Hesperian Health Guides
Mental Health Emergency
Abrupt changes in thinking, behavior, hallucinations, and severe confusion can be frightening for the person experiencing it, and also for the people around them.
When someone’s thinking and perceptions cause them to want to hurt themselves or others, it becomes an emergency and they need help quickly. As with any other emergency, first try to check breathing, stop any bleeding, and check for other physical injuries. Then reassuring, calming and comforting a person having a mental health emergency can save lives.
If someone says he wants to hurt himself or others, believe him.
If the person is dangerous to others, it is often easier to move other people away than to move him. You may need help to make him and the area around him safe. And look out for your own safety as well.
If he says he wants to hurt or kill himself, the first thing he needs is someone to listen calmly. Ask gentle questions, to show you care and to be sure you understand. Your questioning can help to interrupt his thoughts and distract him from his purpose.

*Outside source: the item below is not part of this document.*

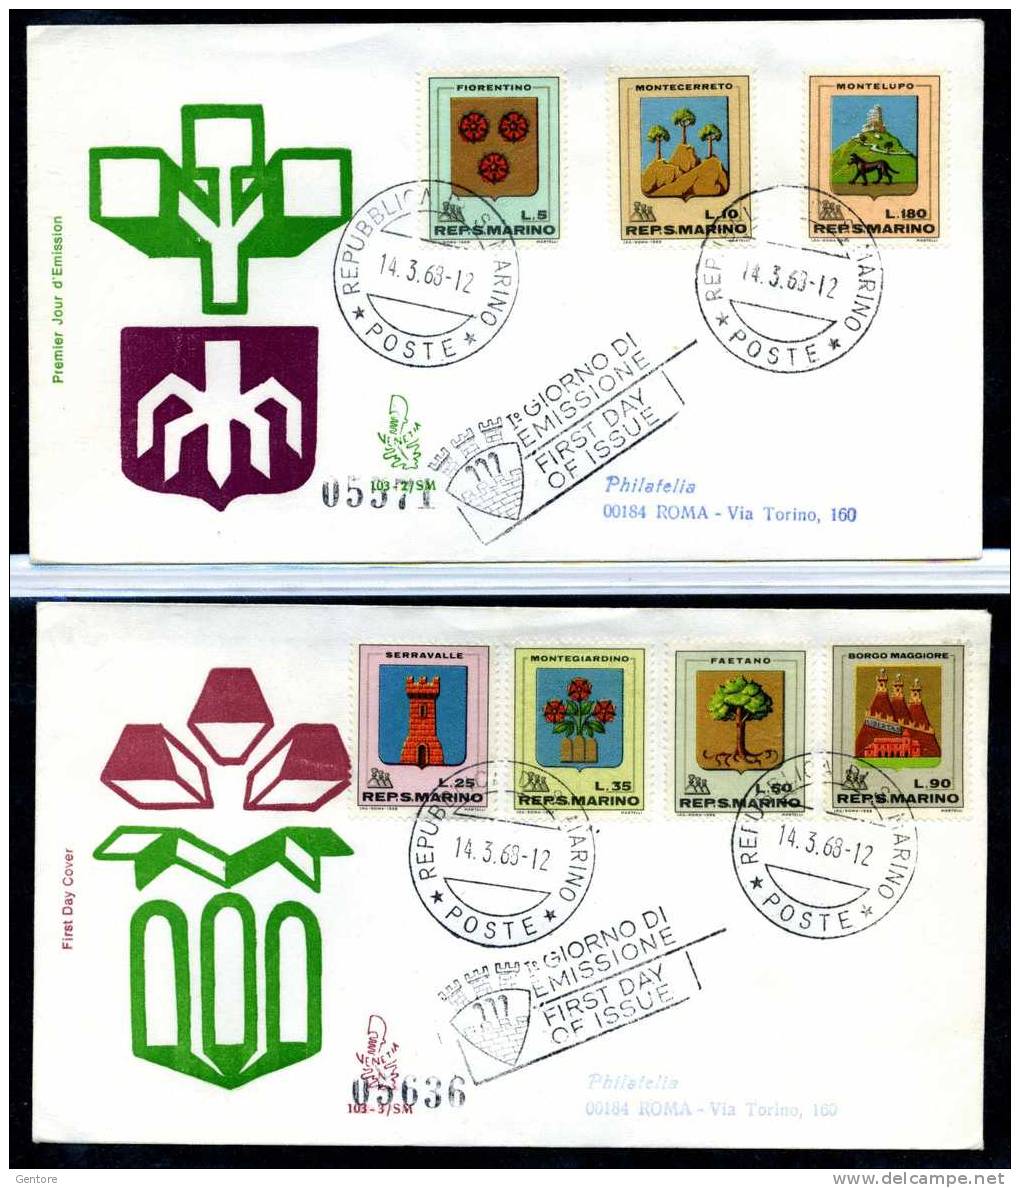 SAN MARINO 1968 Coat Of Arms   On Venetia   FDC With Rome Arrival Cancellation - Briefe U. Dokumente
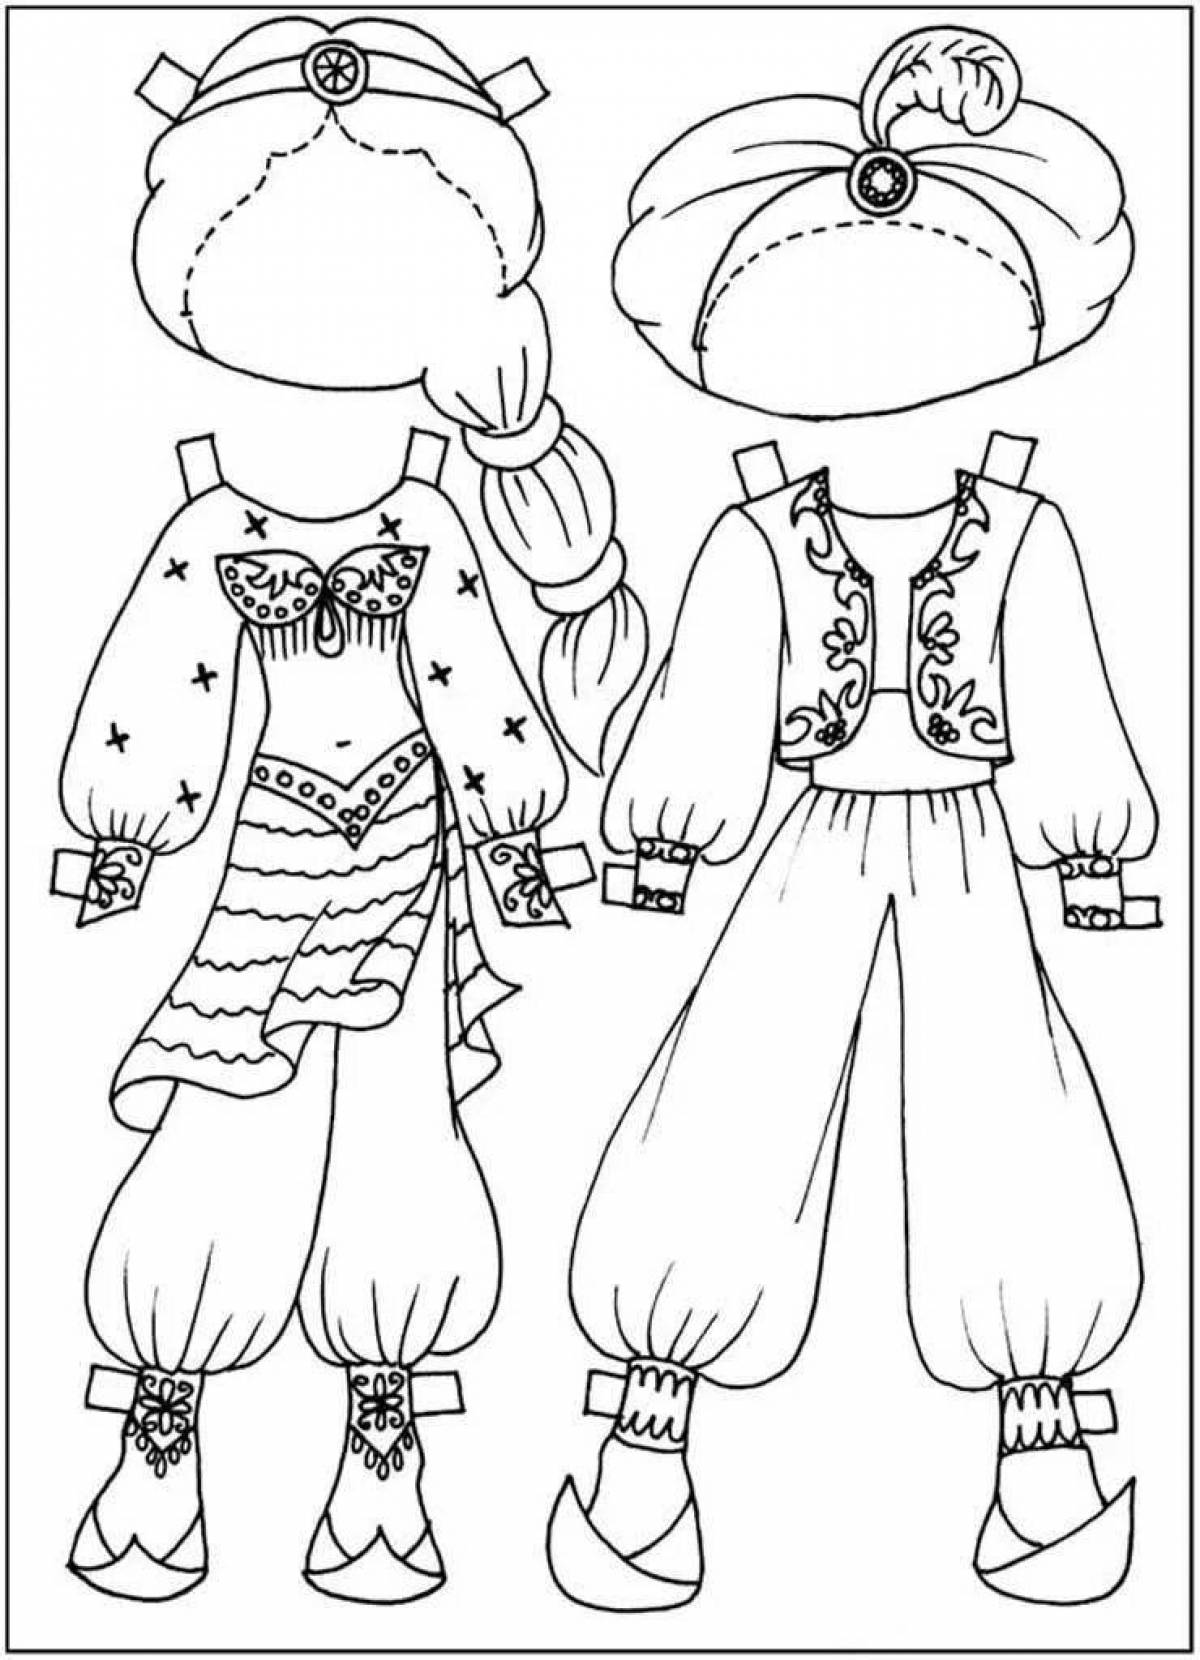 Fancy costume coloring pages for kids

- Ask if he plans to hurt himself or someone else, or if he has already done so.
- Ask how he plans to do it, and if he has the means to do it. The more specific the plan, the more serious the problem.
- Ask the person to make an agreement that he will not hurt himself or others. Take away the means he would use to hurt himself or others.
Can you agree that you will not hurt yourself today?
Maybe just for today.
Will you let me hold on to your gun — just for today?
Making an agreement like this can keep someone OK long enough to get more lasting help. Do not leave him alone. Stay with the person, or have family members or friends stay with him. Make sure he stays sober and does not drink alcohol or use drugs. Alcohol or drugs can further cloud his judgement and make self-harm more likely. It may be helpful to seek the help of spiritual or community leaders who he respects. Following up to see that he continues to get help, and to show that you care about him, is important.
Asking someone if he wants to kill himself does not make him more likely to do so.